Target-based Surrogates for Stochastic Optimization

Jonathan Wilder Lavington,Sharan Vaswani,Reza Babanezhad,Mark Schmidt,Nicolas Le Roux

We consider minimizing functions for which it is expensive to compute the (possibly stochastic) gradient. Such functions are prevalent in reinforcement learning, imitation learning and adversarial training. Our target optimization framework uses the (expensive) gradient computation to construct surrogate functions in a \emph{target space} (e.g. the logits output by a linear model for classification) that can be minimized efficiently. This allows for multiple parameter updates to the model, amortizing the cost of gradient computation. In the full-batch setting, we prove that our surrogate is a global upper-bound on the loss, and can be (locally) minimized using a black-box optimization algorithm. We prove that the resulting majorization-minimization algorithm ensures convergence to a stationary point of the loss. Next, we instantiate our framework in the stochastic setting and propose the $SSO$ algorithm, which can be viewed as projected stochastic gradient descent in the target space. This connection enables us to prove theoretical guarantees for $SSO$ when minimizing convex functions. Our framework allows the use of standard stochastic optimization algorithms to construct surrogates which can be minimized by any deterministic optimization method. To evaluate our framework, we consider a suite of supervised learning and imitation learning problems. Our experiments indicate the benefits of target optimization and the effectiveness of $SSO$.
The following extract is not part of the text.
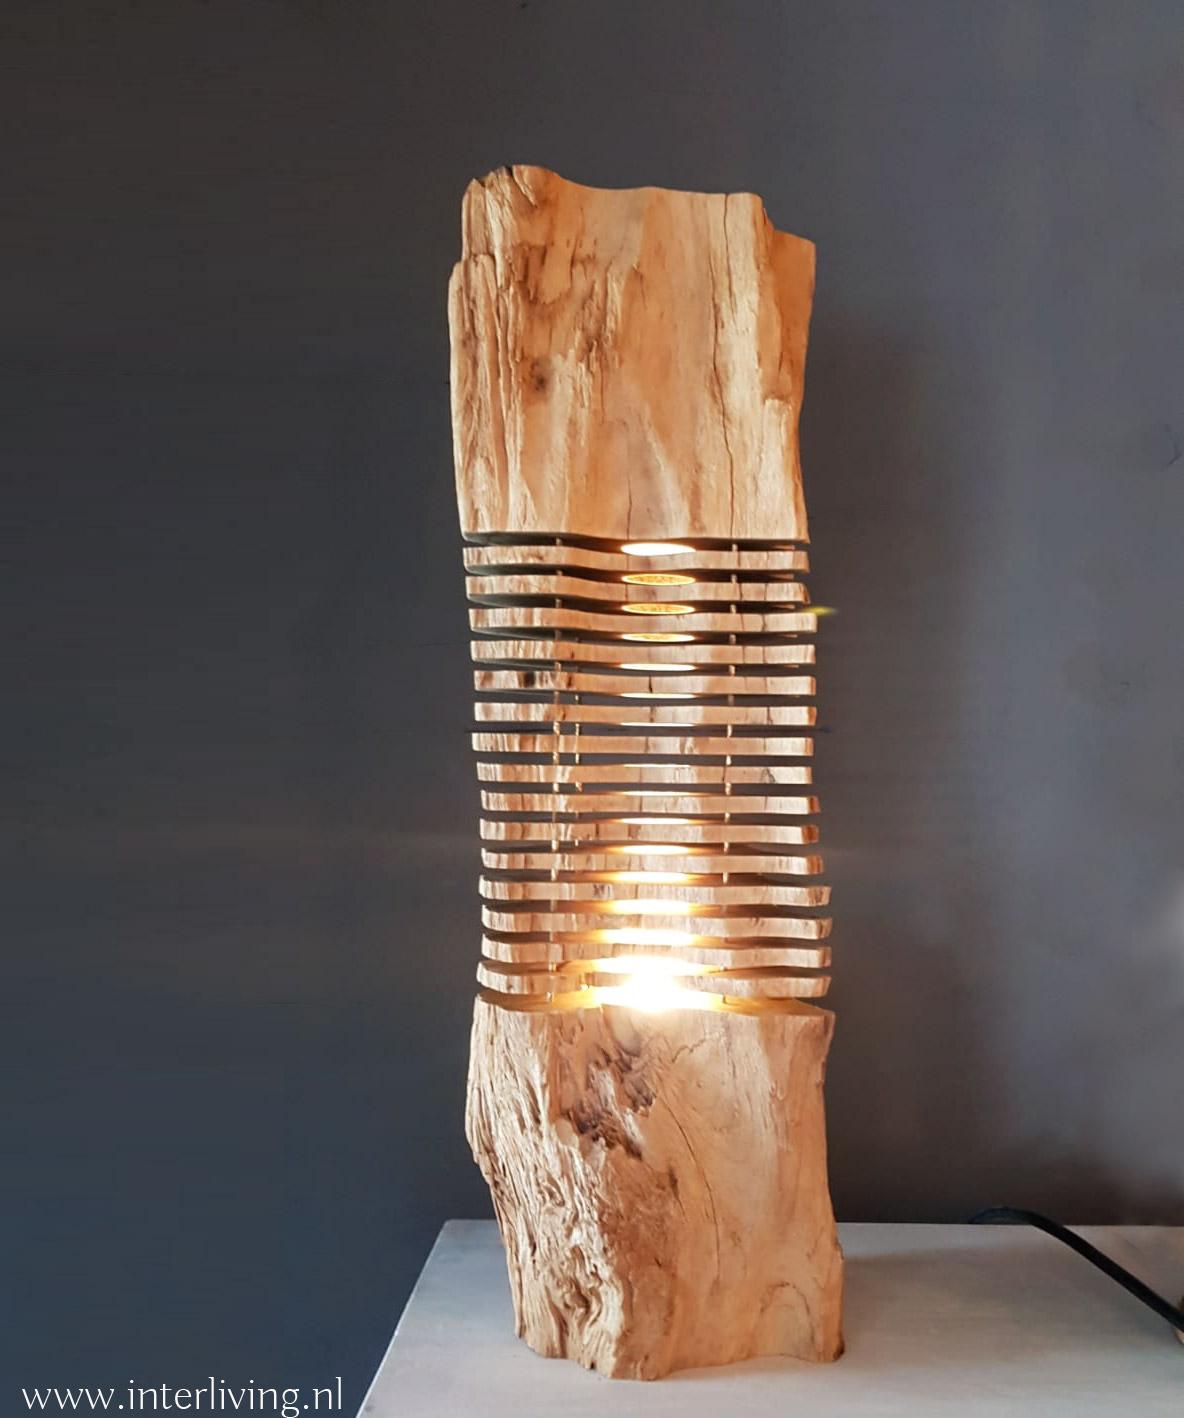 naturel oud teak hout - landelijke stijl tafellamp - stoer sober en chique woontrend

Weight · 隨機梯度下降 · 縮放 · 分解的 · SimPLe ·

2023 年 6 月 8 日

Attentional-Biased Stochastic Gradient Descent

Qi Qi,Yi Xu,Rong Jin,Wotao Yin,Tianbao Yang

from arxiv, 29 pages

In this paper, we present a simple yet effective provable method (named ABSGD) for addressing the data imbalance or label noise problem in deep learning. Our method is a simple modification to momentum SGD where we assign an individual importance weight to each sample in the mini-batch. The individual-level weight of sampled data is systematically proportional to the exponential of a scaled loss value of the data, where the scaling factor is interpreted as the regularization parameter in the framework of distributionally robust optimization (DRO). Depending on whether the scaling factor is positive or negative, ABSGD is guaranteed to converge to a stationary point of an information-regularized min-max or min-min DRO problem, respectively. Compared with existing class-level weighting schemes, our method can capture the diversity between individual examples within each class. Compared with existing individual-level weighting methods using meta-learning that require three backward propagations for computing mini-batch stochastic gradients, our method is more efficient with only one backward propagation at each iteration as in standard deep learning methods. ABSGD is flexible enough to combine with other robust losses without any additional cost. Our empirical studies on several benchmark datasets demonstrate the effectiveness of the proposed method.\footnote{Code is available at:\url{//github.com/qiqi-helloworld/ABSGD/}}

近似 · 簇 · 邊 · 圖 · 標注 ·

2023 年 6 月 8 日

Faster Approximation Algorithms for Parameterized Graph Clustering and Edge Labeling

Vedangi Bengali,Nate Veldt

from arxiv, 12 pages,4 figures

Graph clustering is a fundamental task in network analysis where the goal is to detect sets of nodes that are well-connected to each other but sparsely connected to the rest of the graph. We present faster approximation algorithms for an NP-hard parameterized clustering framework called LambdaCC, which is governed by a tunable resolution parameter and generalizes many other clustering objectives such as modularity, sparsest cut, and cluster deletion. Previous LambdaCC algorithms are either heuristics with no approximation guarantees, or computationally expensive approximation algorithms. We provide fast new approximation algorithms that can be made purely combinatorial. These rely on a new parameterized edge labeling problem we introduce that generalizes previous edge labeling problems that are based on the principle of strong triadic closure and are of independent interest in social network analysis. Our methods are orders of magnitude more scalable than previous approximation algorithms and our lower bounds allow us to obtain a posteriori approximation guarantees for previous heuristics that have no approximation guarantees of their own.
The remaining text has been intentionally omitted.